Bez kilku zawodników Wiślacy przystąpili do rywalizacji z „Góralami”. Zabrakło także piłkarzy, którzy jeszcze w środę wystąpili przeciwko Sandecji. „Paweł Brożek został w Myślenicach, gdzie pracuje indywidualnie razem z Kubą Błaszczykowskim i Danielem Hoyo-Kowalskim. Łukasz Burliga wciąż odczuwa pewne dolegliwości i nie mógł dzisiaj wystąpić. Podobnie Vukan Savicević i Emmanuel Kumah, którzy mają drobne urazy, a my nie chcieliśmy ryzykować, aby nie pogłębiły się. Absencja Rafała Pietrzaka także jest spowodowana zdrowotnymi kwestiami, przez które nie trenuje od kilku dni” - zaznaczył.


Źródło: wisla.krakow.pl


Pomeczowe wypowiedzi zawodników

Sadlok: Dwa tygodnie ciężkiej pracy

W kolejnym przedsezonowym sparingu Wisła Kraków pokonała Podbeskidzie Bielsko-Biała 1:0. Zwycięstwo to mogło ucieszyć zwłaszcza Macieja Sadloka, dla którego mecz rozgrywany w Dankowicach był okazją do powrotu w rodzinne strony.


06.07.2019r.

Tomasz Brożek

Przemysław Marczewski

„Fajnie, że mogłem tutaj przyjechać. Właśnie w Dankowicach stawiałem swoje pierwsze piłkarskie kroki. Często przyjeżdżam w te strony, by odwiedzić rodzinę, lecz wystąpiłem tu po raz pierwszy od czasów gry w miejscowym klubie” - mówił 30-latek.

Praca, praca, praca

W meczu z Podbeskidziem Sadlok rozegrał całą pierwszą połowę, broniąc dostępu do wiślackiej bramki na lewej stronie defensywy. Co miał do powiedzenia na temat pierwszych czterdziestu pięciu minut spotkania? „Trudno mi cokolwiek powiedzieć tak na gorąco, trzeba sobie to wszystko dobrze przeanalizować. Przed nami na pewno wciąż bardzo dużo pracy. Do startu ligi pozostały dwa tygodnie i musimy szybko zrobić co w naszej mocy, by w pierwszym meczu o stawkę wszystko wyglądało jak należy. Sztab szkoleniowy będzie się zastanawiał nad tym, jak to powinno funkcjonować. Zwycięstwo cieszy, ale wciąż musimy ciężko trenować” - przekonywał Sadlok.

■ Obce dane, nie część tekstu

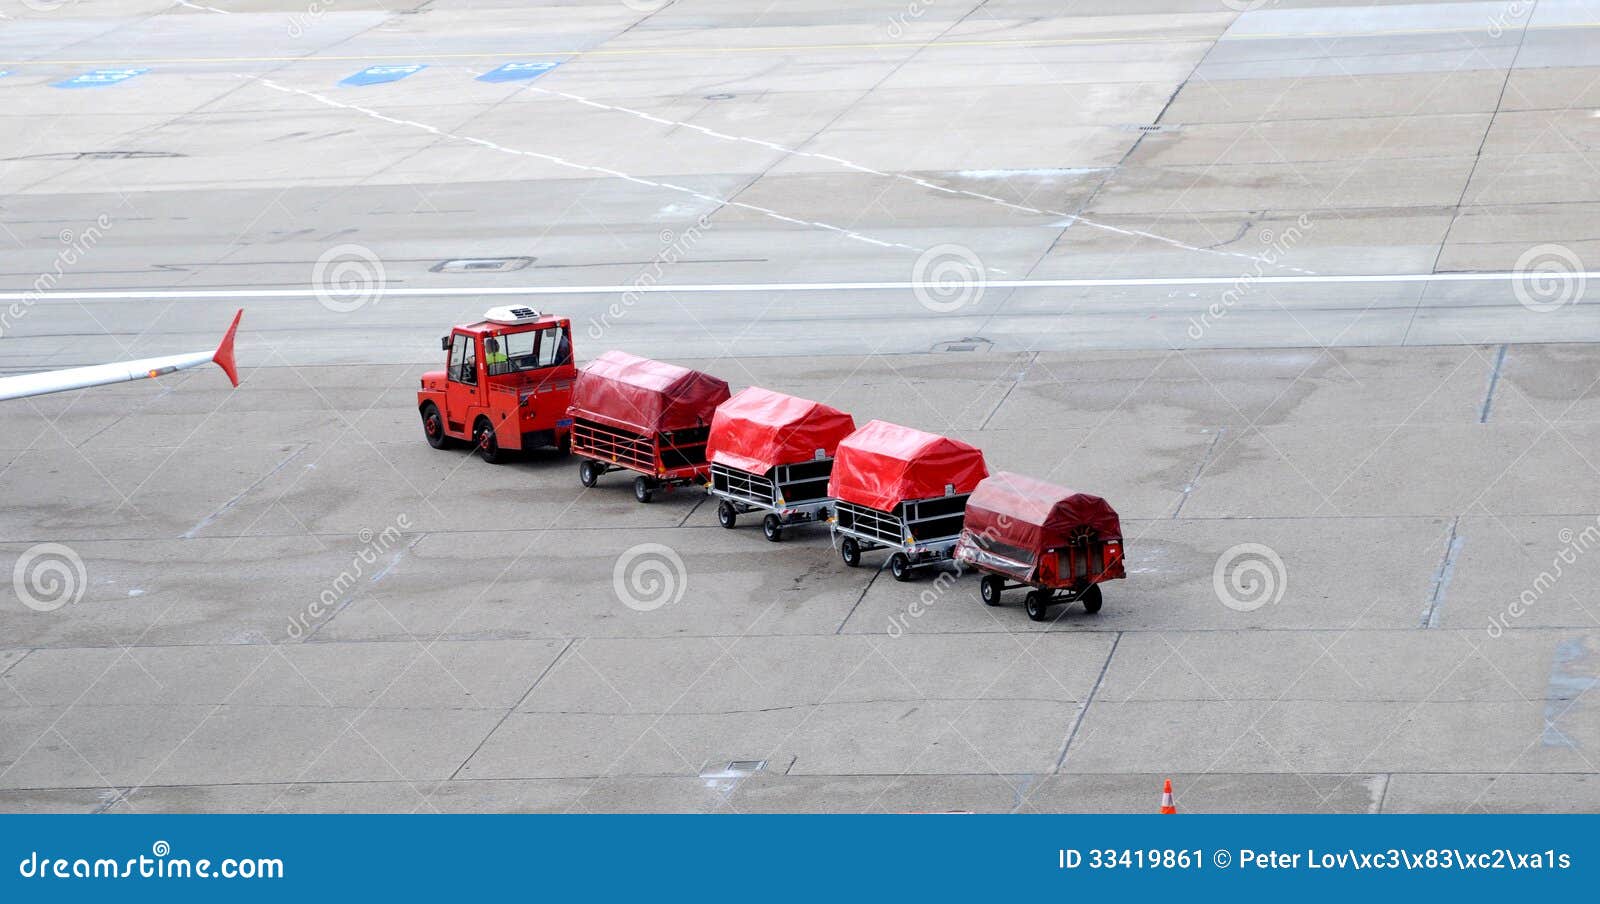 airport trucks handling baggage
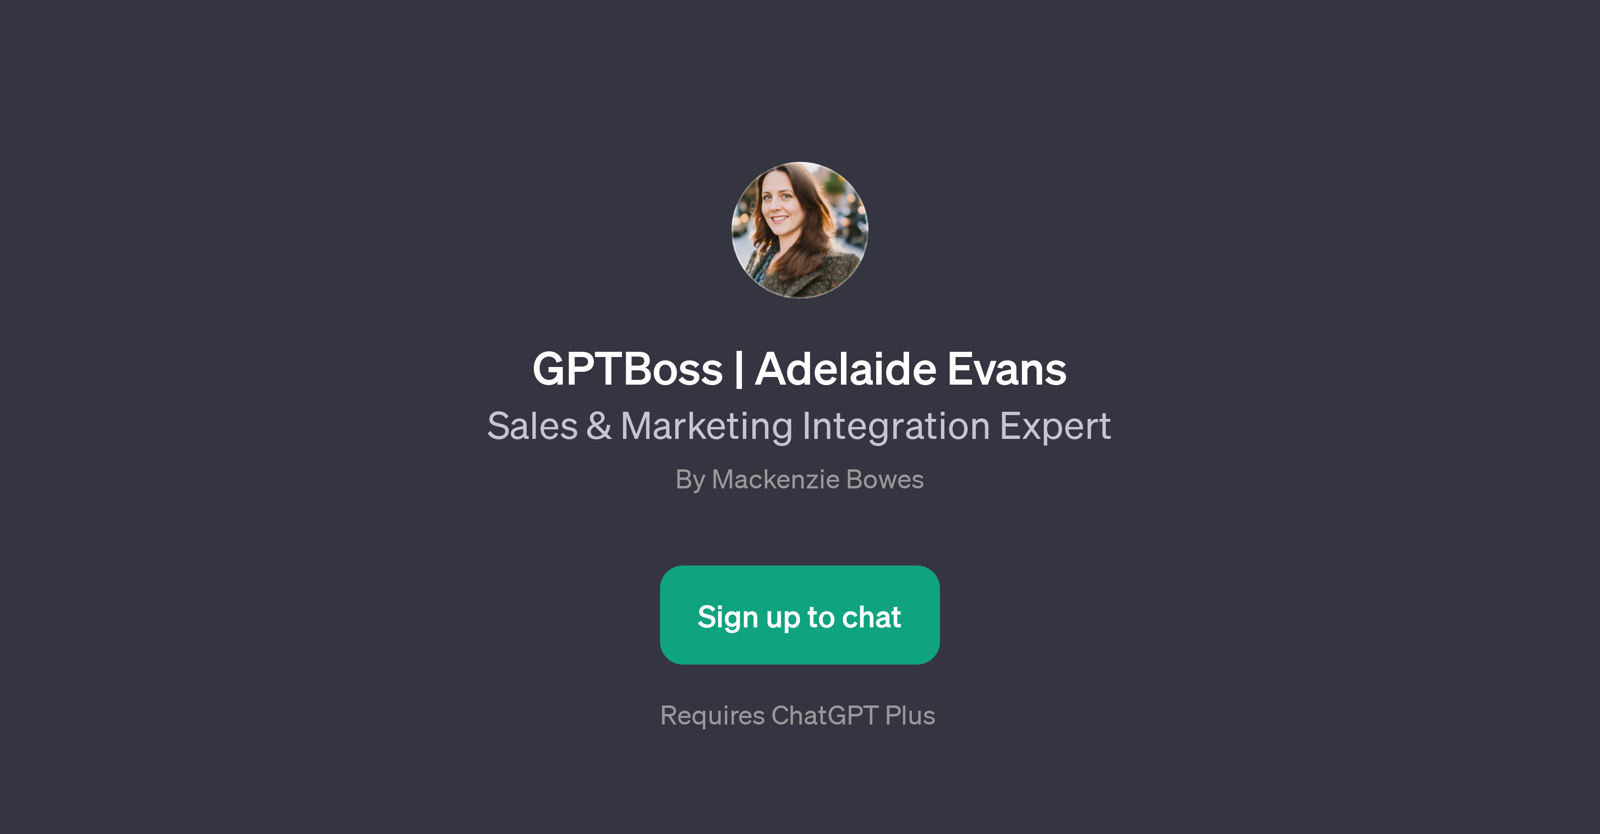 GPTBoss | Adelaide Evans website

Jednym z istotnych elementów, nad którymi musi pracować drużyna Białej Gwiazdy jest gra ofensywna. „Widzimy jak to wygląda i rzeczywiście nie tracimy dużo bramek, ale nie stwarzamy sobie okazji strzeleckich i temu aspektowi musimy poświęcić te dwa tygodnie. W pierwszej połowie nie oddaliśmy praktycznie żadnego celnego strzału, nie było też rzutu rożnego czy innego stałego fragmentu gry. Trzeba to zmienić, bo bramek nie będzie, jeśli nie będzie sytuacji - to prosta zasada futbolu” - stwierdził defensor.

Powroty nie są łatwe

Sadlok wraca powoli do regularnej gry po kontuzji, co, zwłaszcza w czasie przedsezonowych treningów, nie jest prostym wyzwaniem. „To dla mnie trudny okres przygotowawczy. Nie jest łatwo wrócić po kontuzji i wejść w treningi z kolegami, którzy już są na wyższych obrotach. Walczę jednak o to, by być w pełnej dyspozycji na pierwszy mecz ligowy i myślę, że krok po kroku mi się to udaje” - wyraził swój optymizm wychowanek Pasjonata Dankowice.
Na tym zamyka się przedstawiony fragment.